Chris Anderson’s long tail and the ‘free’ philosophy

Chris Anderson is editor-in-chief of future-techy magazine Wired. He’s what most people would call ‘a player’, a man of influence. One of his key creations was the terminology ‘the long tail’; originally a Wired article and later a book the long tail refers to the economics of the internet age – where the future of business will rely on selling lesser quantities of a greater range of products over a longer period.

His new book seems to argue that the future of business is actually ‘free’. I haven’t had time to read it all but the crux appears to be that if something can be made available digitally then it should also be free. That this information is contained in a book currently retailing for £18.99 might seem a bit ironic but I’d encourage you to obtain a free read (or listen) here.

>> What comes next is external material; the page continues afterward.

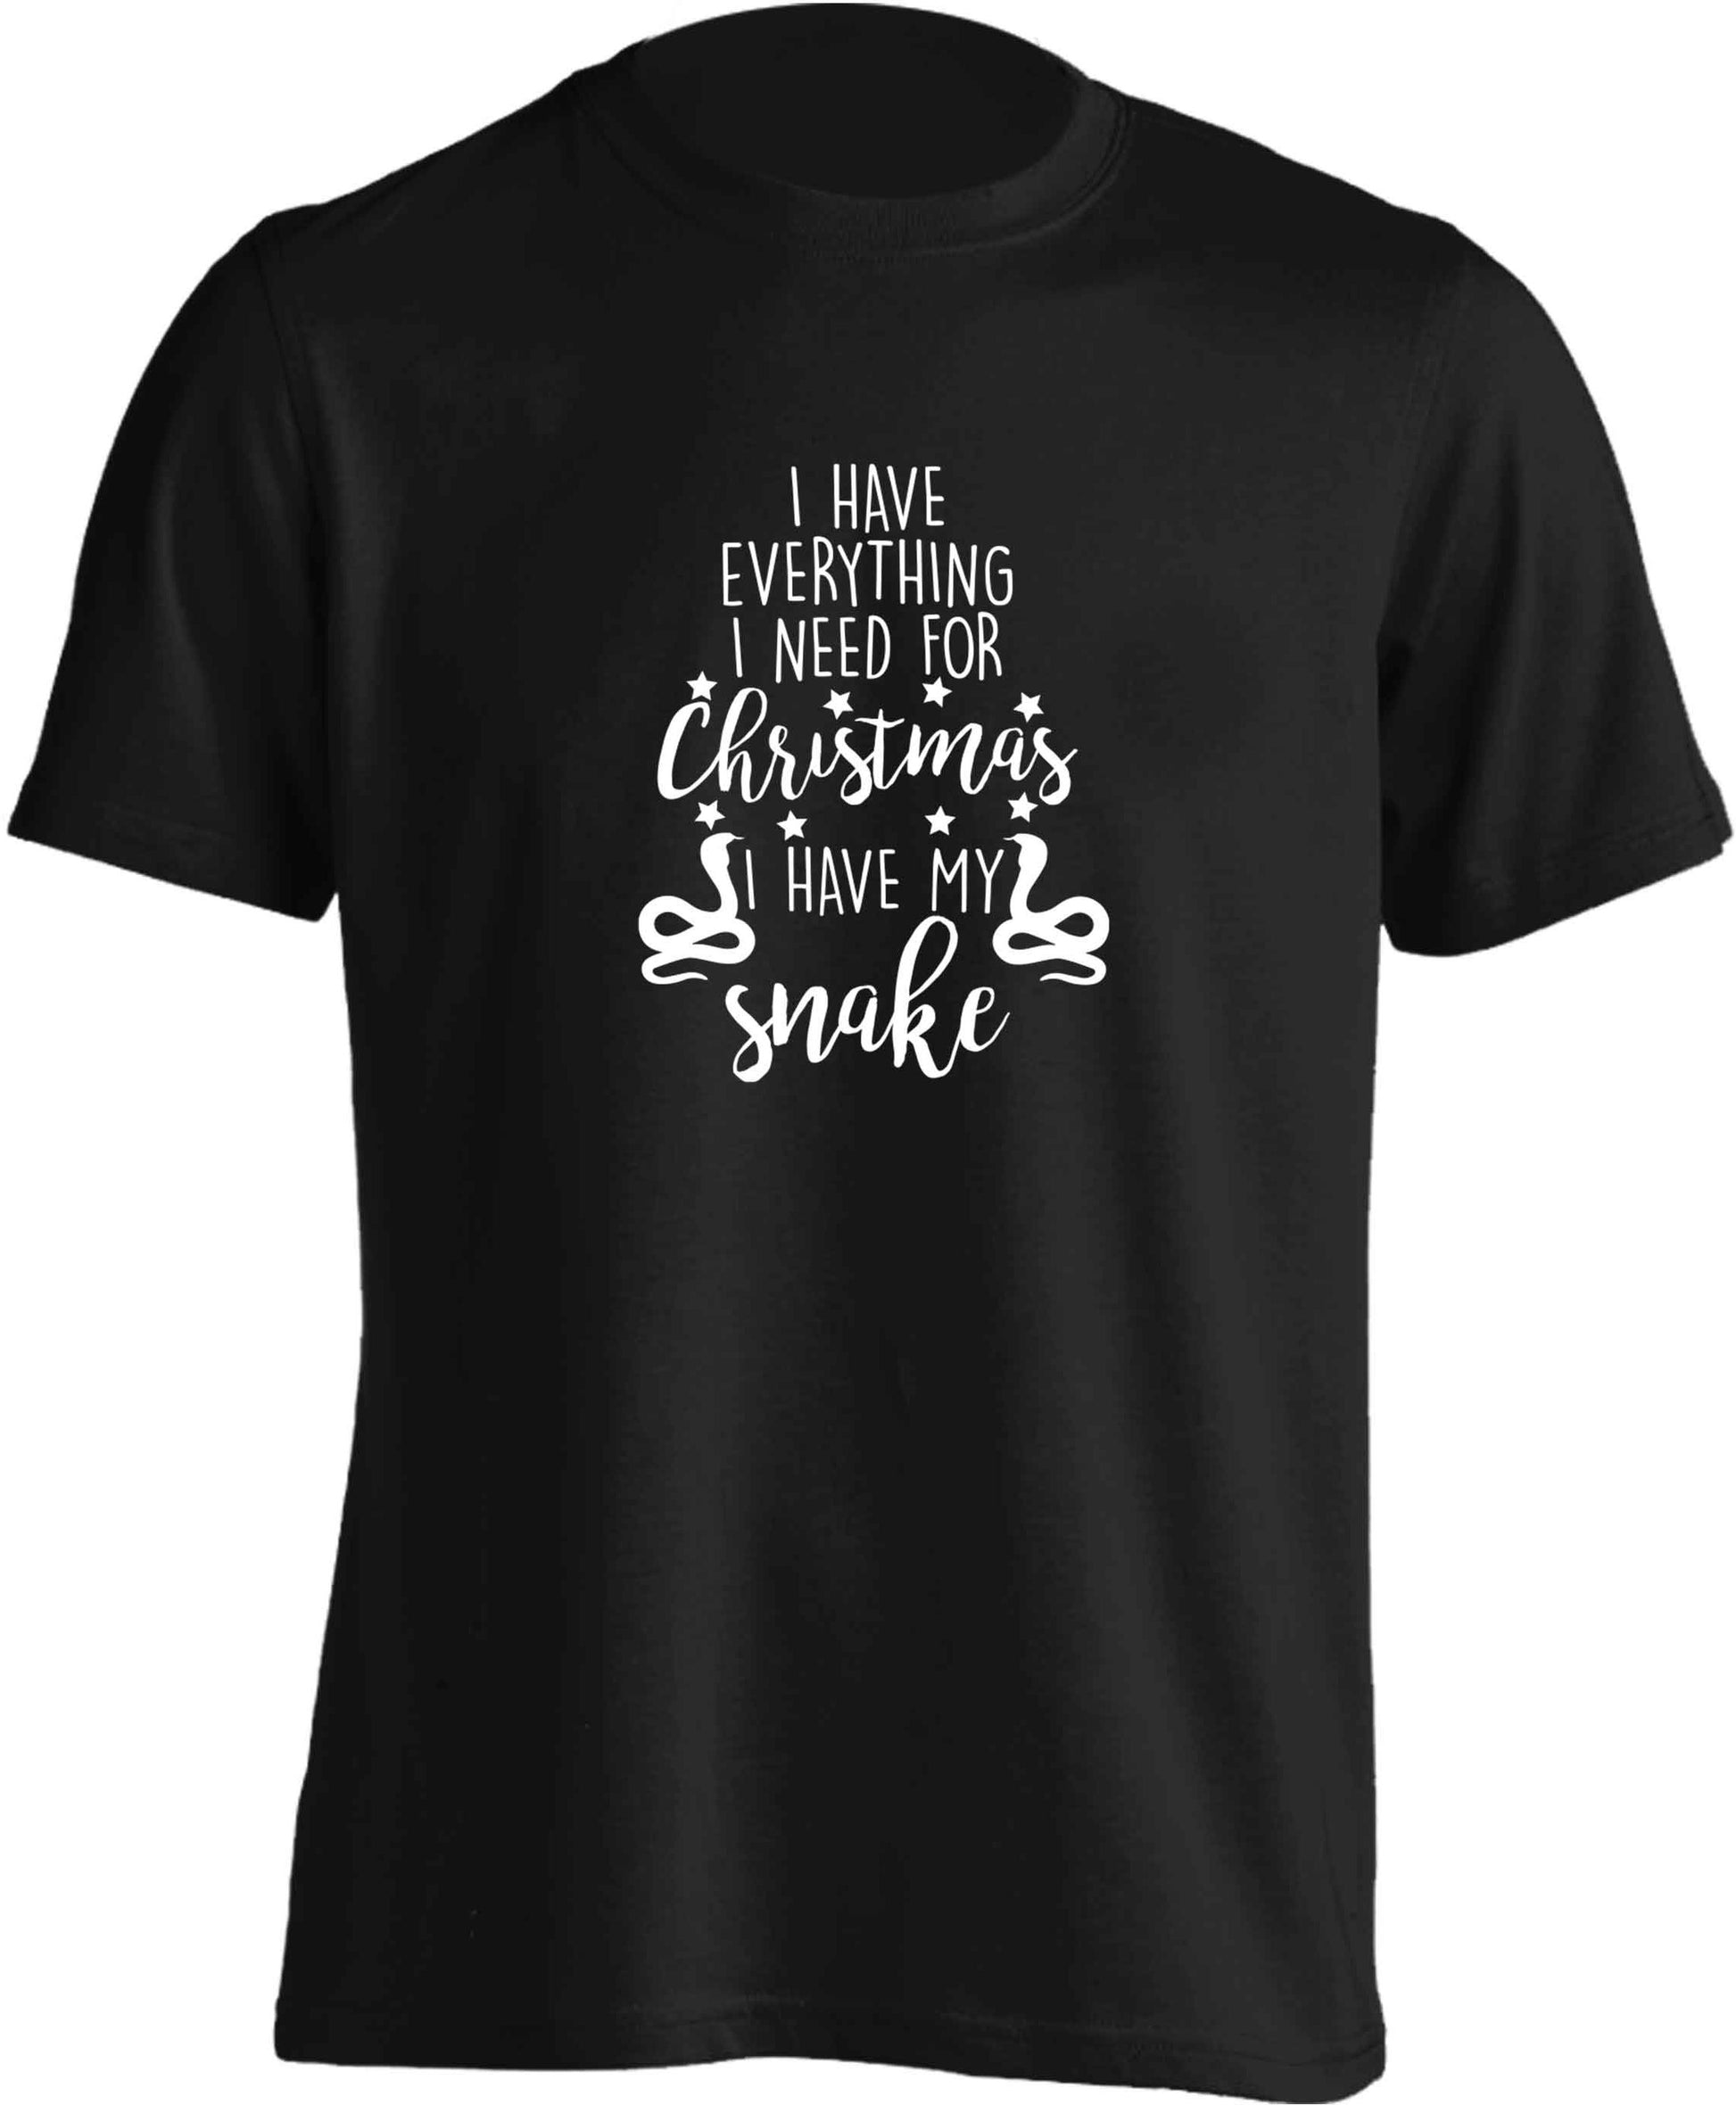 I have everything I need for Christmas I have my snake adults unisex black Tshirt 2XL

To be fair to him he’s not essentially saying that people shouldn’t get paid for their work – otherwise he’d have probably wasted his time writing a book - but that there should be different methods of payment and probably different pricing structures. Personally I’d worry about who sets the price and how, in the future, we’re ever going to make money from any artistic endeavours. Do we have to get out our begging bowls, or is it all about the PR?

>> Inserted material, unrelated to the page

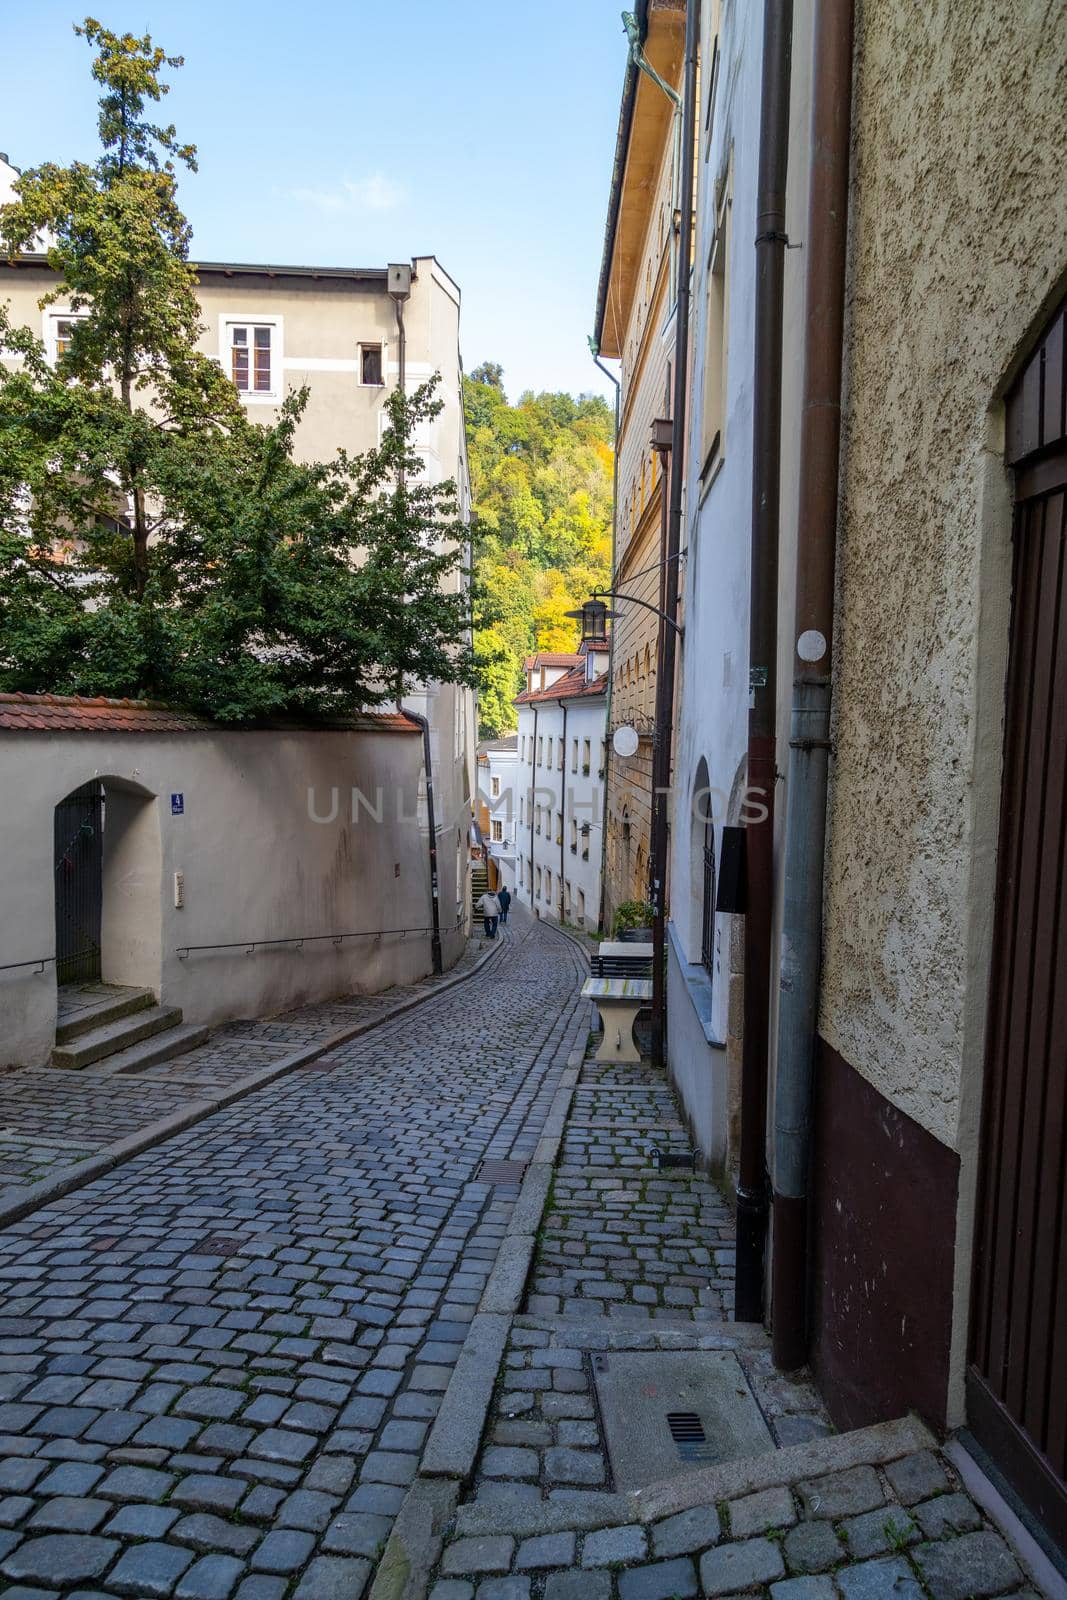 Narrow lane, alley with cobblestone pavement im Passau, Bavaria, Germany  by reinerc

You gotta PRay to get paid

Spotify launched a clever PR offensive this week. The message was that they’ve developed an app for mobile use of the service but they were concerned that apple might not approve it for use because if you can stream things then why would you buy them from itunes? They were subtly accusing apple of potentially being anti-competitive; a commercial giant abusing its market-dominance? Heaven forbid, who’d have thunk it, perish the thought, etc.

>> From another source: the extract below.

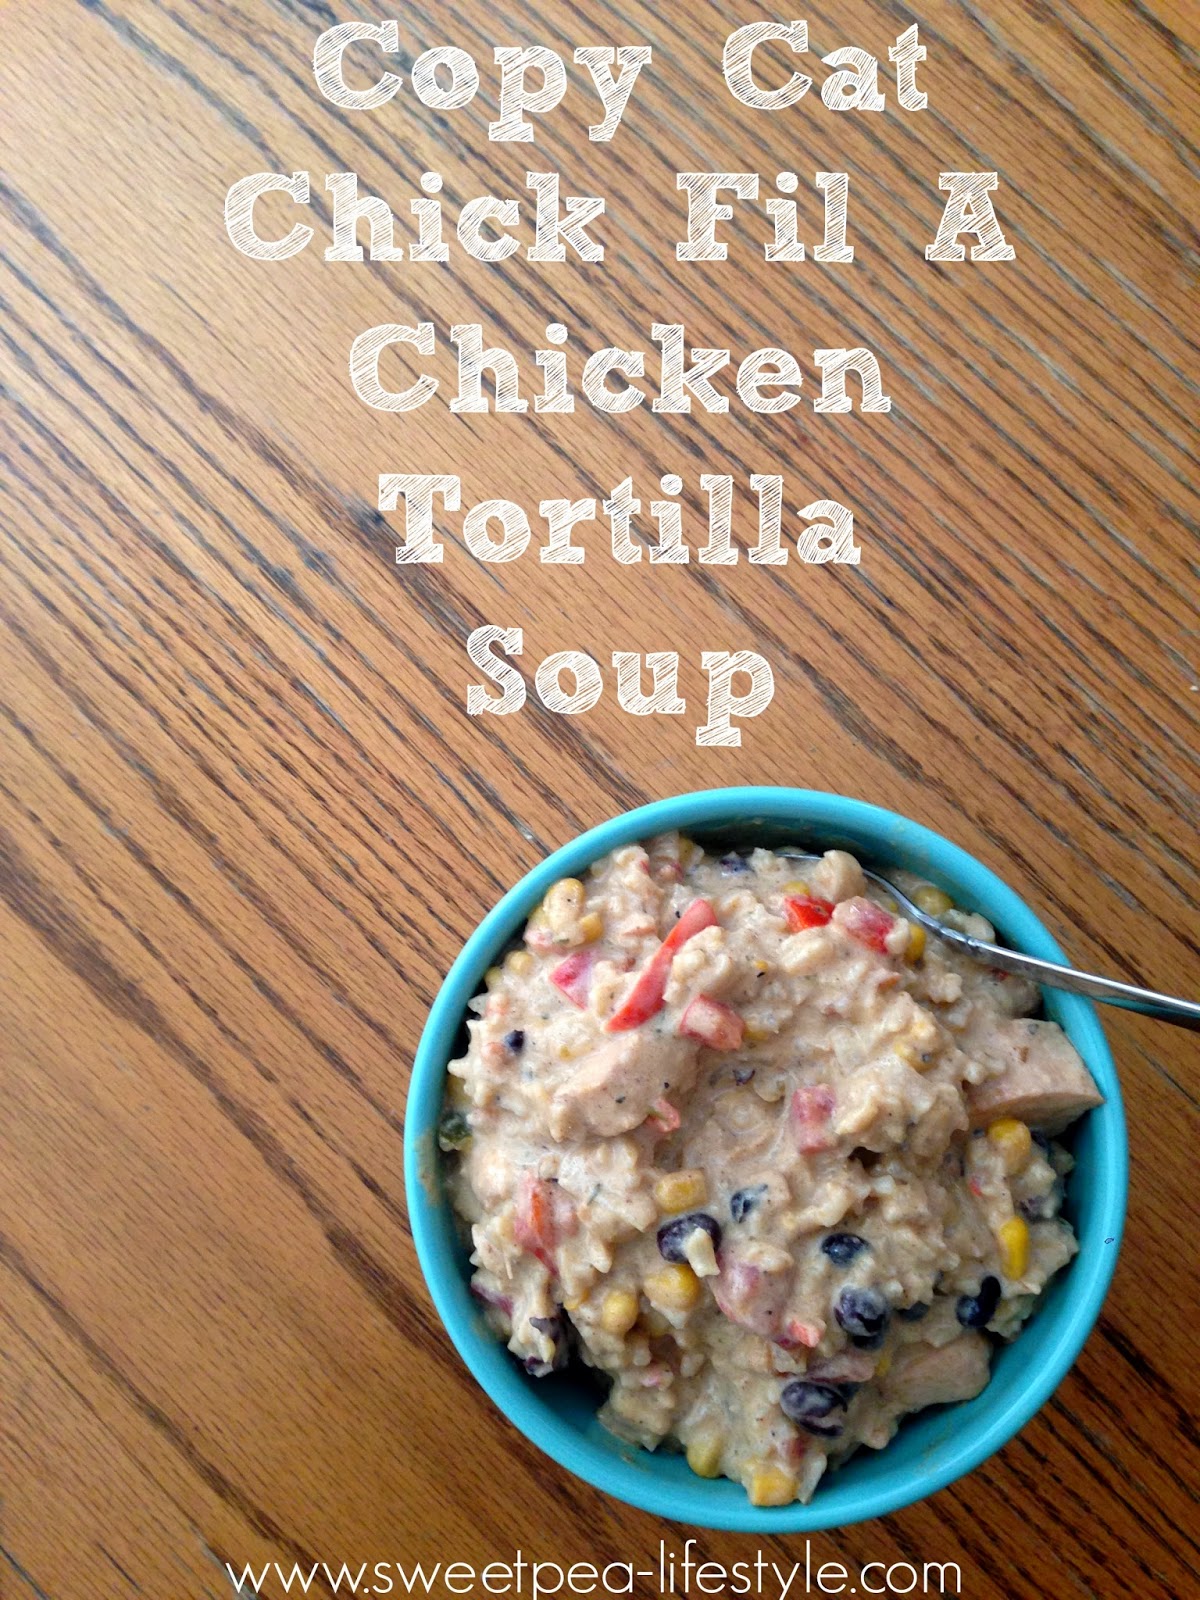 copy cat chicken tortilla soup from chick fil a is a winner dinner!

Common consensus is that file-sharing may be a thing of the past if people can stream any music they want, for free. In the UK Spotify is our leading exponent of this – and very good it is too, I’m using it as I write this.

Educated commentators have always been concerned that it’s not a good long-term model and that Spotify can never hope to pay the labels & artists what they will eventually demand for the rights. Most Spotify users currently use the free model which gives you an advert after every four songs, but as every user will know the variety of advertisers and content isn’t vast, suggesting that the Spotify business model is very reliant on people upgrading to the £9.99 per month premium offering.
Notably the suggestion is that the mobile model will only be available to premium, i.e. paying, users and may therefore be the prime route for Spotify to take. If apple were to turn it down then as the key player in the mobile + music market they’d be dealing a serious blow to Spotify’s chances – and potentially the music business as a whole since it’s largely believed that the labels have a share in Spotify. Hence this week’s PR efforts.

Is there a conclusion?

Amusingly there was a banner ad on Spotify as I was using it, for Chris Anderson’s book. The caption was ‘get free for less’. As far as I can tell, free is free – but if no-one gets paid then nothing (of any worth) will get made.
Musicians have some work to do to illustrate the fact that they have to get paid, that people can’t live without money – unless they live with their parents of course.

If we assume that most of the people involved in file-sharing, those who think musicians shouldn’t earn from their online rights are under-25 then we may begin to understand why they do what they do, and think what they think.

Kids don’t understand the costs of living, some of them are barely aware that money doesn’t grow on trees. Through their influential role and hold over children musicians could help us educate them about economics – what things cost and why they should pay for them. Perhaps if they understood that some musicians have to live hand-to-mouth to create their art they’d be less willing to steal from them. Maybe.